Я и сам был когда-то таким же, беззаботно вовлеченным в процесс игры в машинки… Собирал конструктор, строил дома, из бумаги делал самолетики и пускал их по двору, резвясь, совершенно не задумываясь ни о чем.
Не забыть и как я приносил домой брошенных кошек и щенков, умоляя маму отвезти их в приют или забрать себе, но на второе мама выражала отказ, поэтому и с неохотой отвозила животных в убежище.
По сей день помню, когда Ник на мой семилетний день рождения подарил мне одежду рыцаря с доспехами, и я, достав из коробки меч и надев на себя шлем, принялся торжественно кричать Милане, лежавшей тогда в гамаке, строча что-то в своем дневнике: «Я спасу тебя, прелестная принцесса! Я ваш доблестный рыцарь и готов отдать свою жизнь за тебя! Есть те, кто обижал вас? Я уничтожу их одним лишь взмахом!» Милым смехом она отвечала на мою детскую болтовню и ворчала, что я отвлекаю её. Трудно было вытащить её из этой писанины.
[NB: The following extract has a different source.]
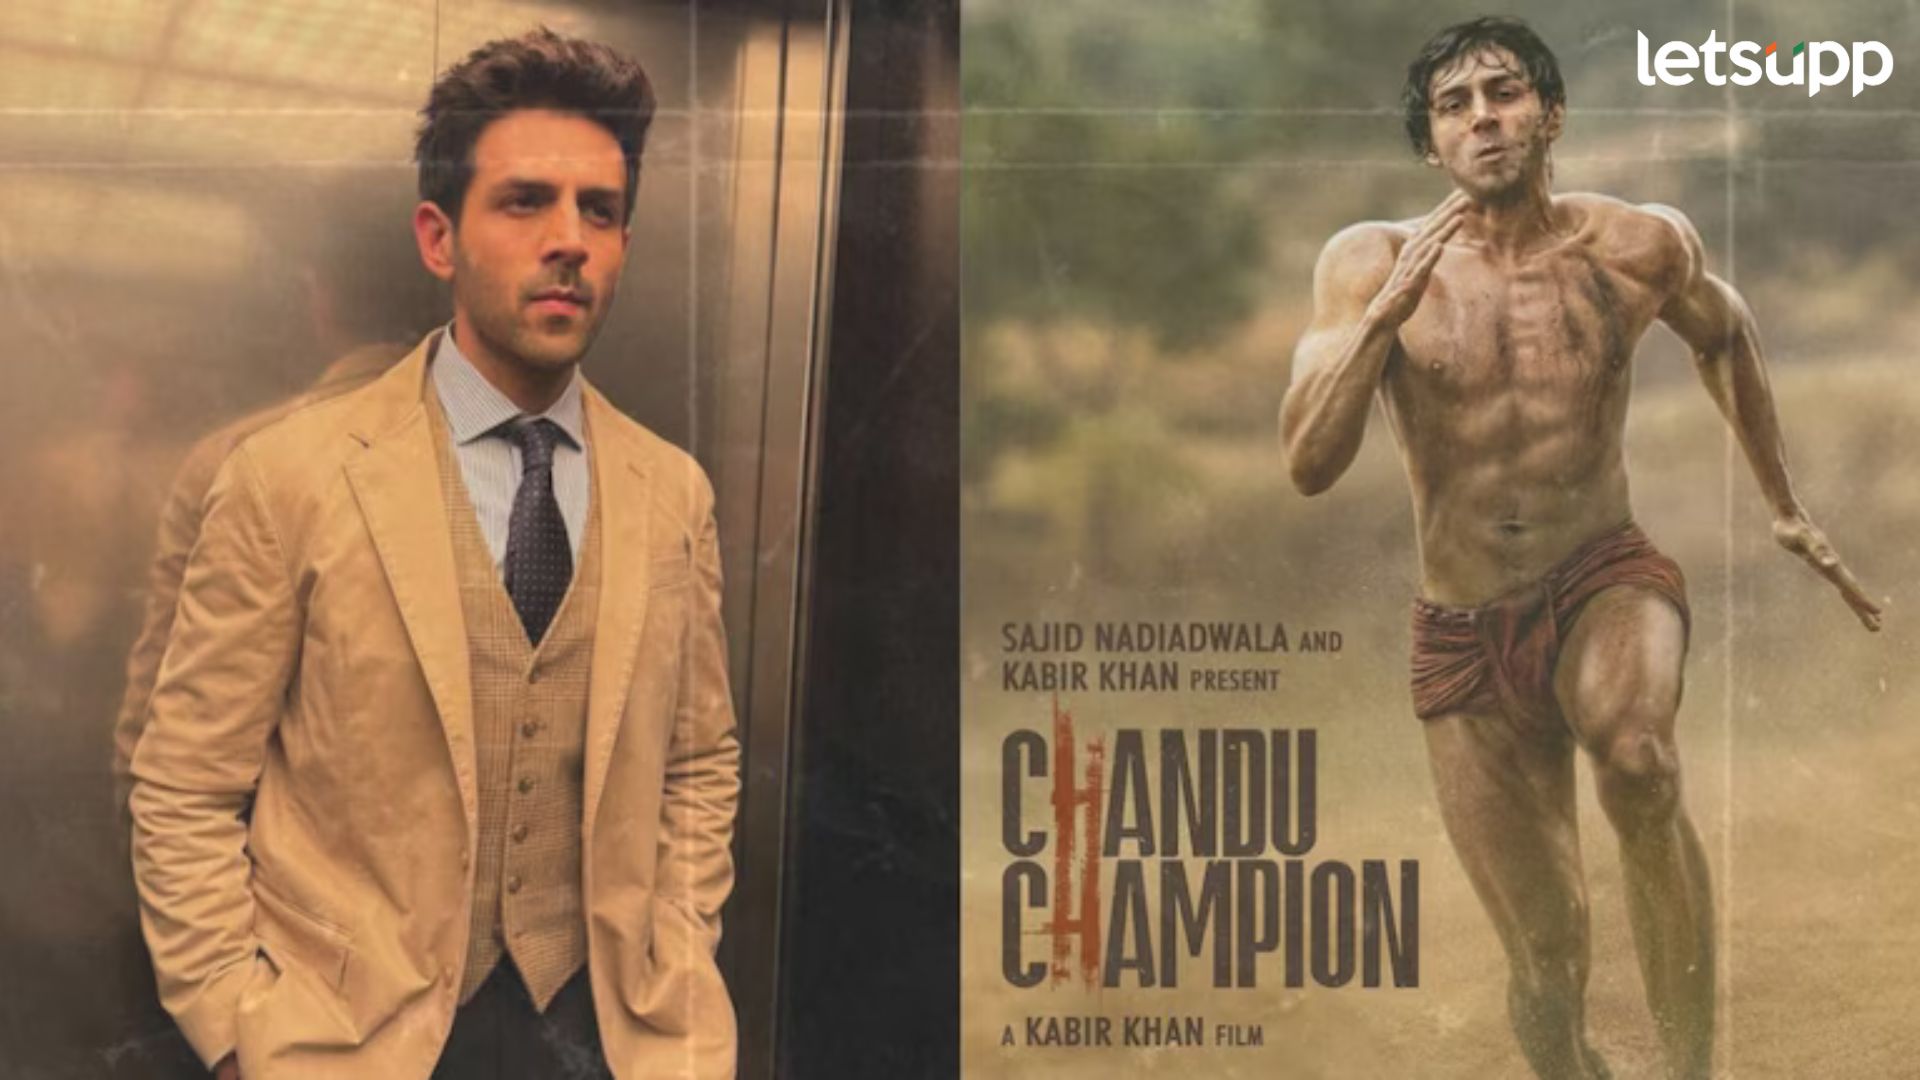 ‘Chandu Champion’ चा मोठा धमाका, रिलीजच्या अगोदरच कार्तिकच्या चित्रपटाने कमावले तब्बल इतके कोटी

Пока другие играли в куклы, она писала и писала… Однажды (ей я не говорил об этом) я пробрался в ее комнату, пока в ней никого не было, и любопытным оком прочел несколько строк в её дневнике, оставшемся лежать в открытом виде на столе. До сего времени помню: «Привет, дорогой дневник. Как у тебя дела? У меня отличные! Сегодня мы с Джексоном, Питером играли в салочки и прятки. Было весело! Но братья вечно дрались из-за того, кто будет первым водить. Они всегда не могут поделить между собой любую вещь. Когда я попросила, чтобы кто-то из них принес мне апельсиновый сок, они оба потащились на кухню, к холодильнику, чуть ли не снесли наших мам, готовящих ужин, и затем каждый из них поспорил, кто быстрее добежит обратно, чей сок я и выпью. Смешные такие! Но я люблю их».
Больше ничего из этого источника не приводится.